[Dataset excerpt]

**********

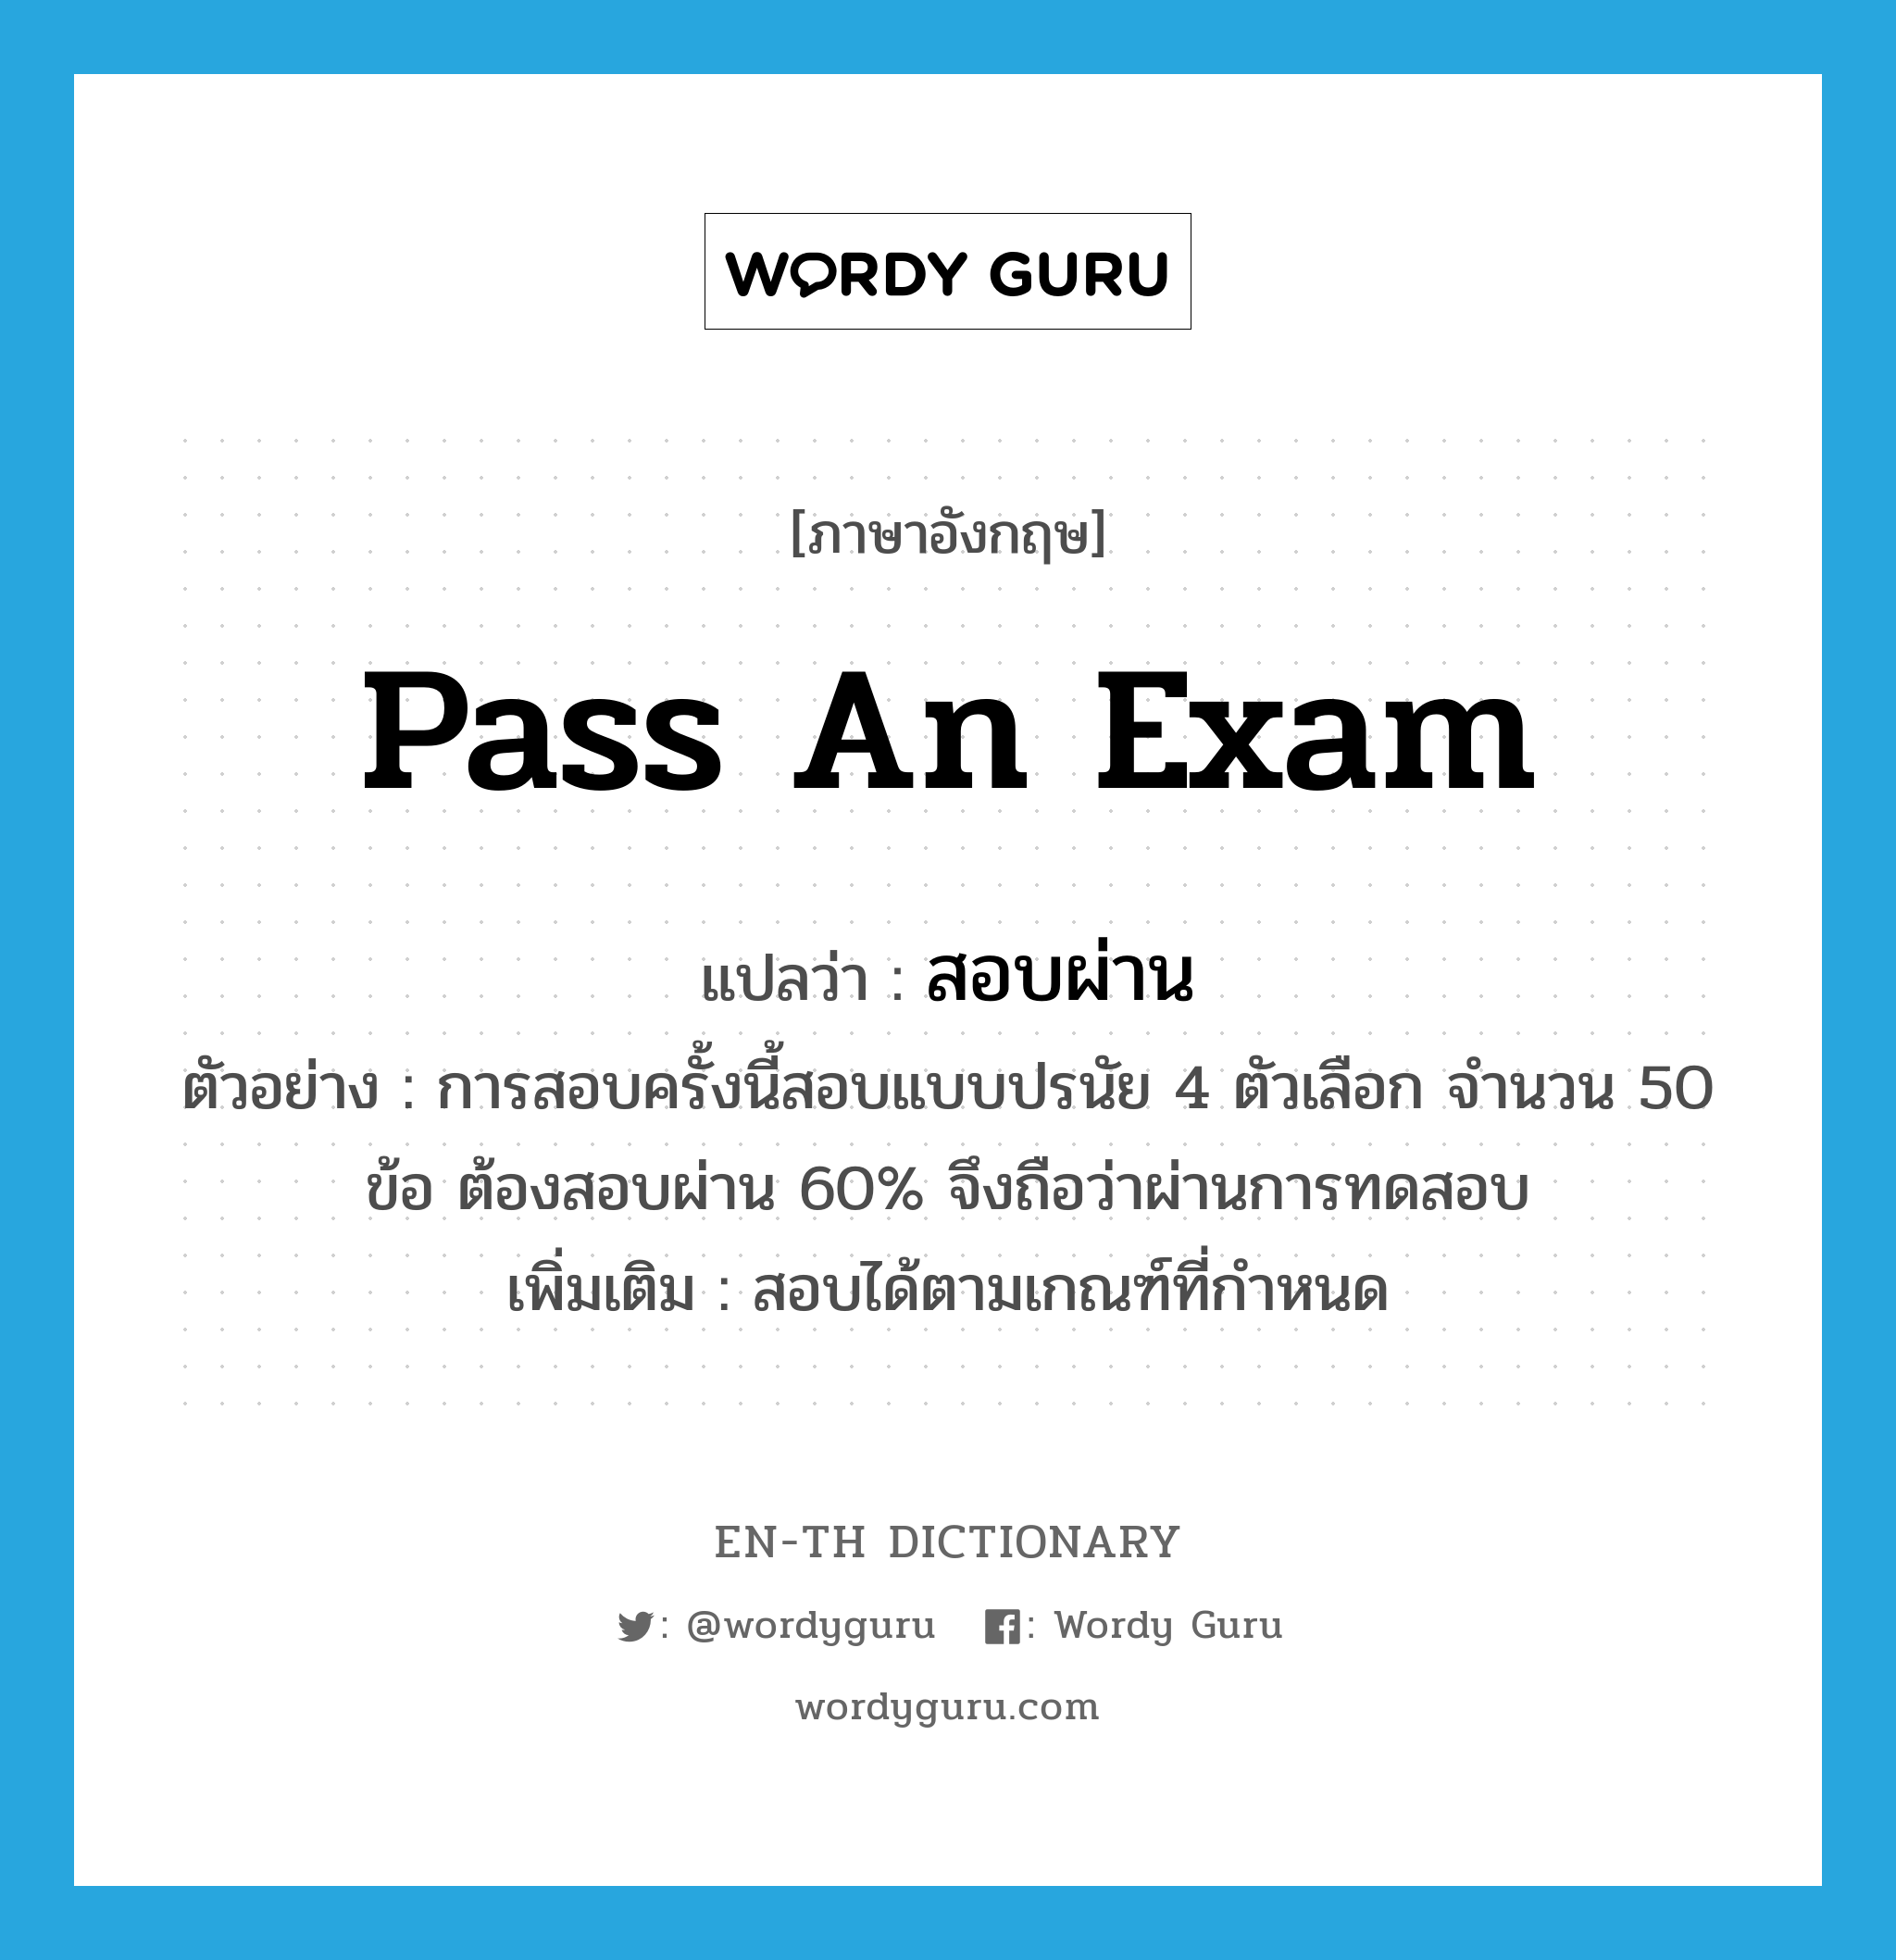 pass an exam แปลว่า?, คำศัพท์ภาษาอังกฤษ pass an exam แปลว่า สอบผ่าน ประเภท V ตัวอย่าง การสอบครั้งนี้สอบแบบปรนัย 4 ตัวเลือก จำนวน 50 ข้อ ต้องสอบผ่าน 60% จึงถือว่าผ่านการทดสอบ เพิ่มเติม สอบได้ตามเกณฑ์ที่กำหนด หมวด V
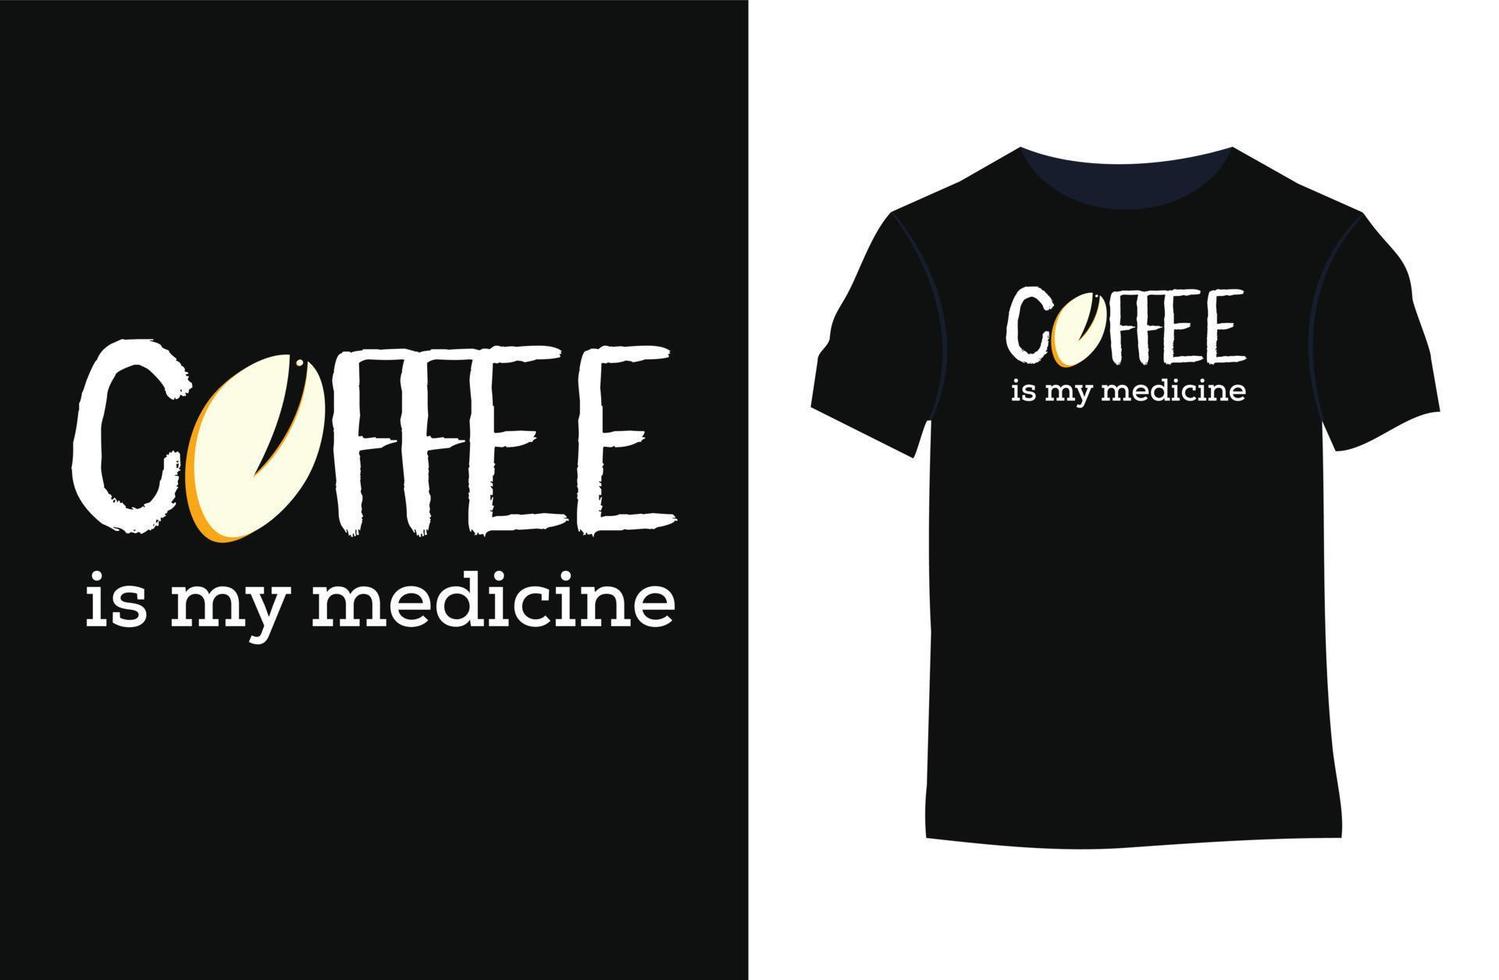 caffè tipografia citazioni vettore maglietta design
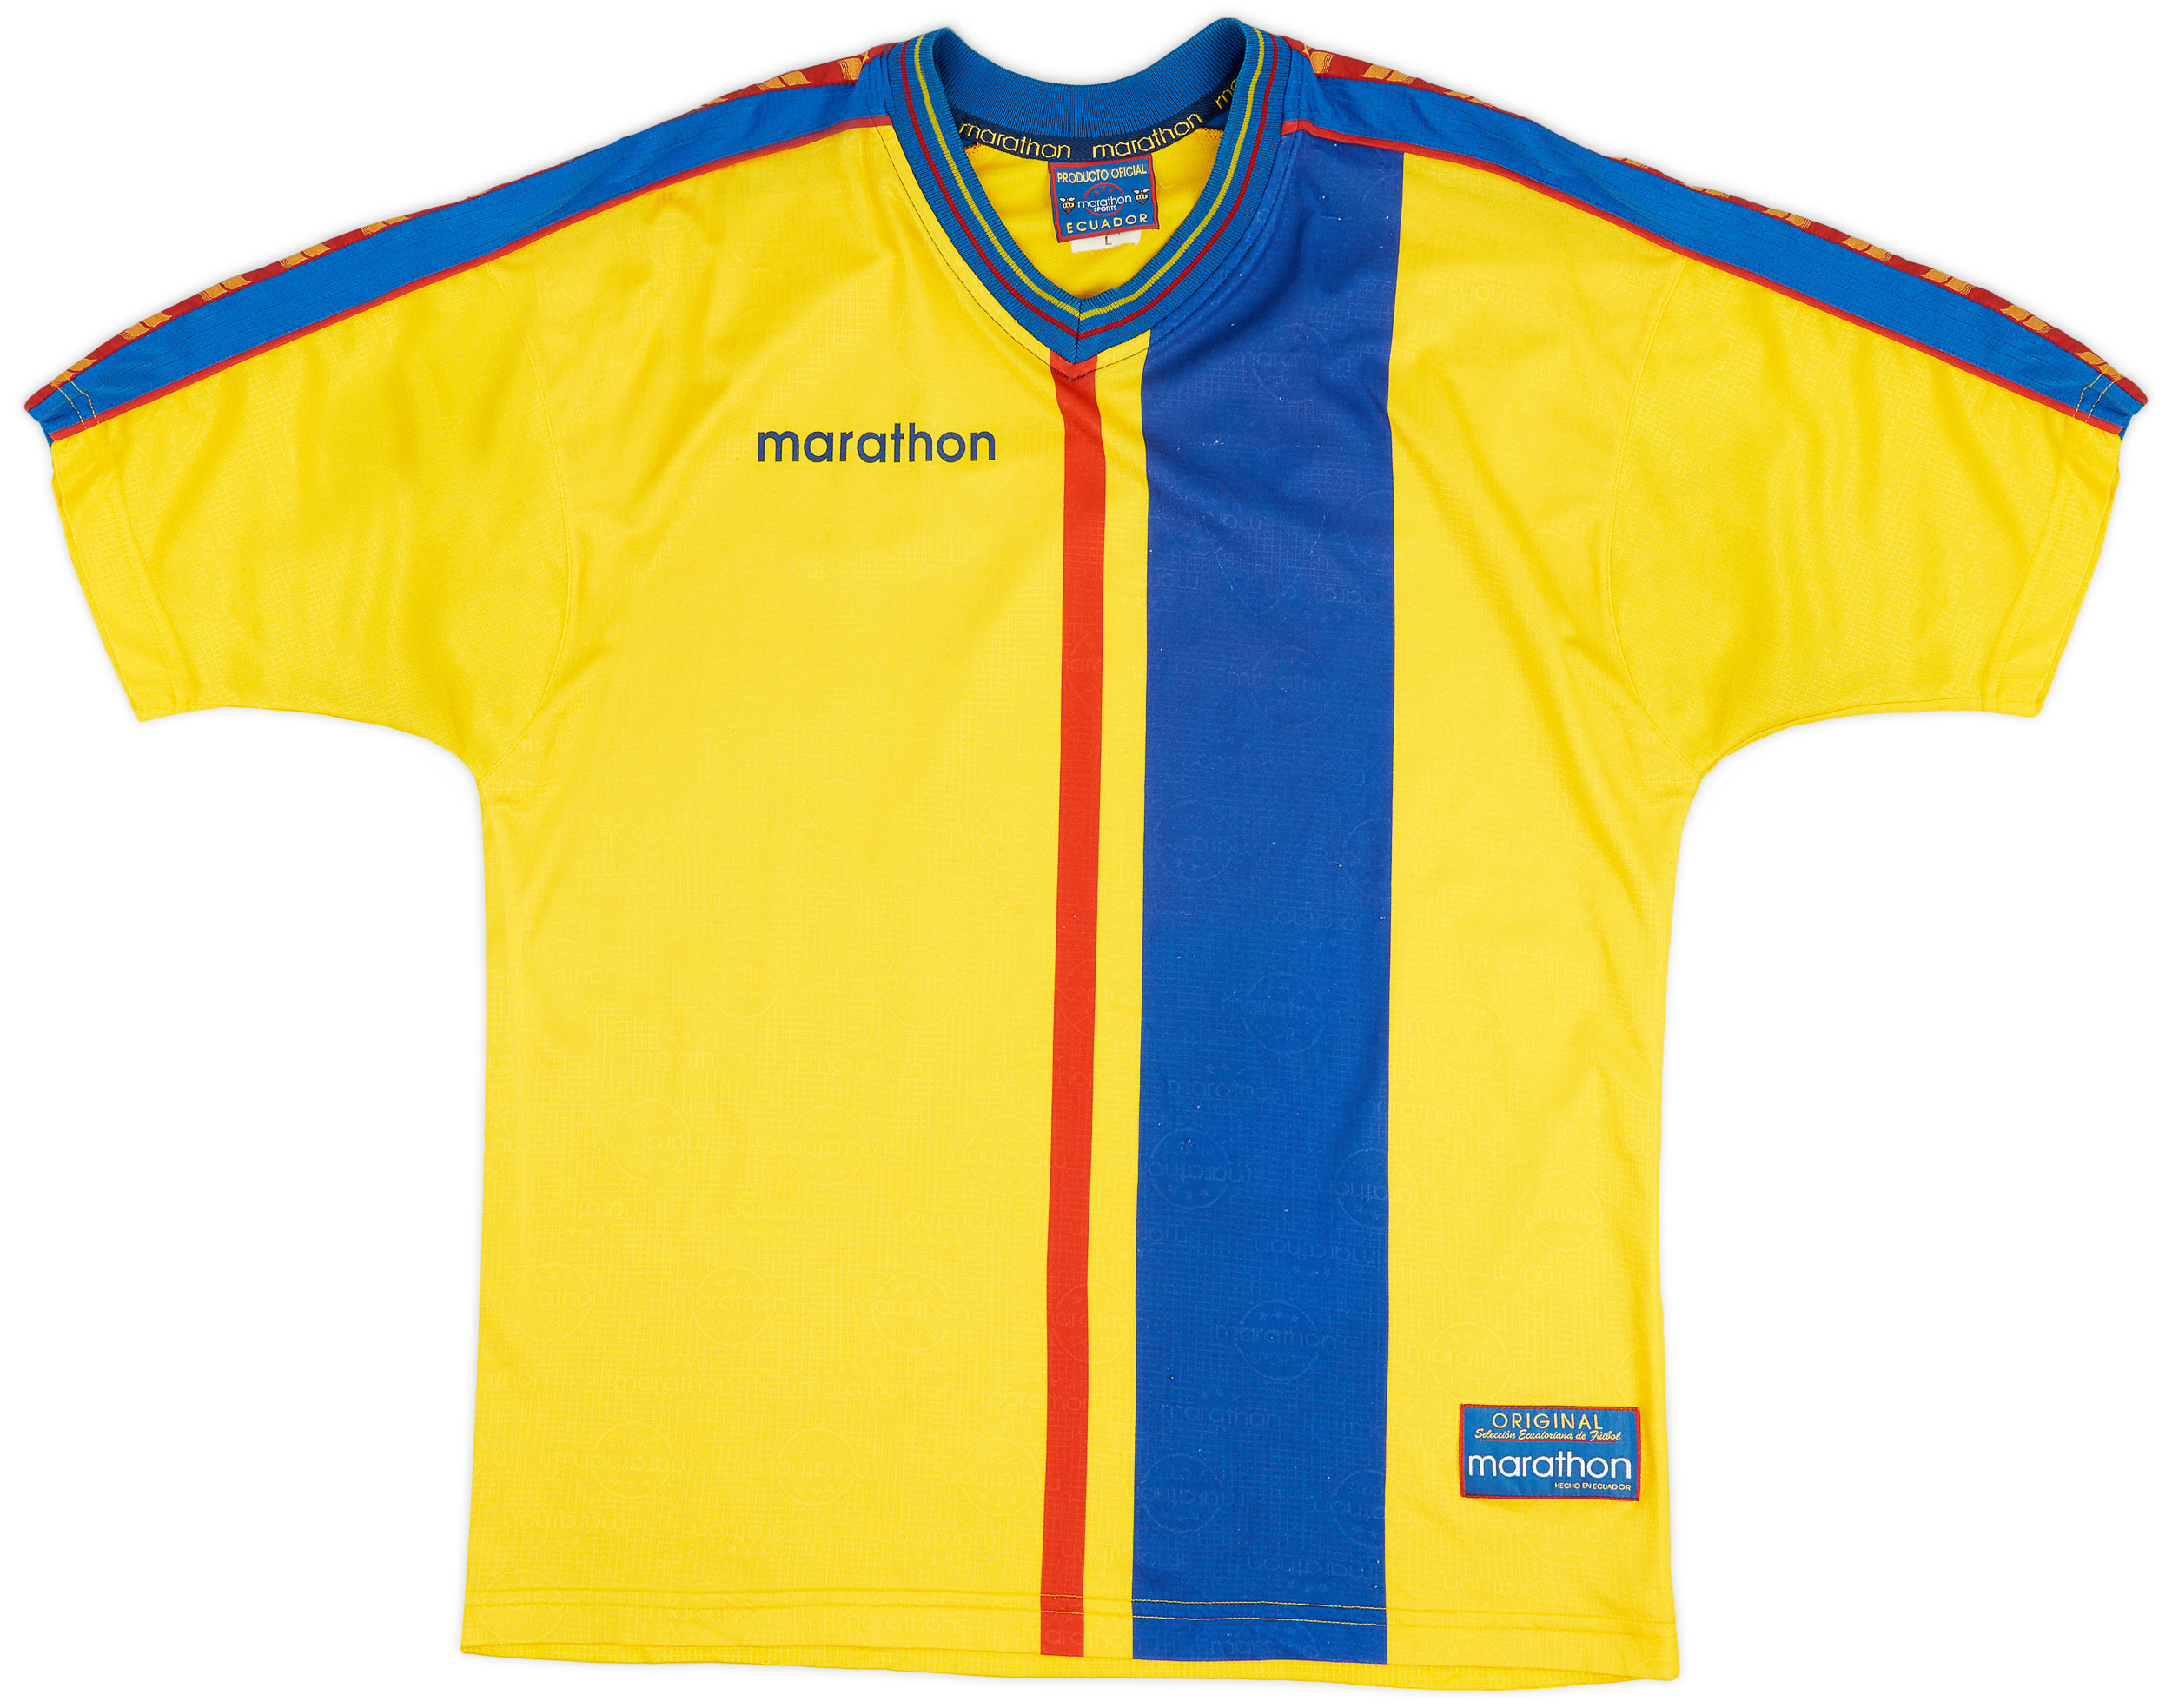 Ecuador  home shirt  (Original)

**********

[Your objective] Reproduce word for word the lines from the line holding "caffè tipografia citazioni" through the last line of the material above, inclusive, and keep pictures out of it.

[Result for this exercise]
 caffè tipografia citazioni vettore maglietta design
 Ecuador  home shirt  (Original)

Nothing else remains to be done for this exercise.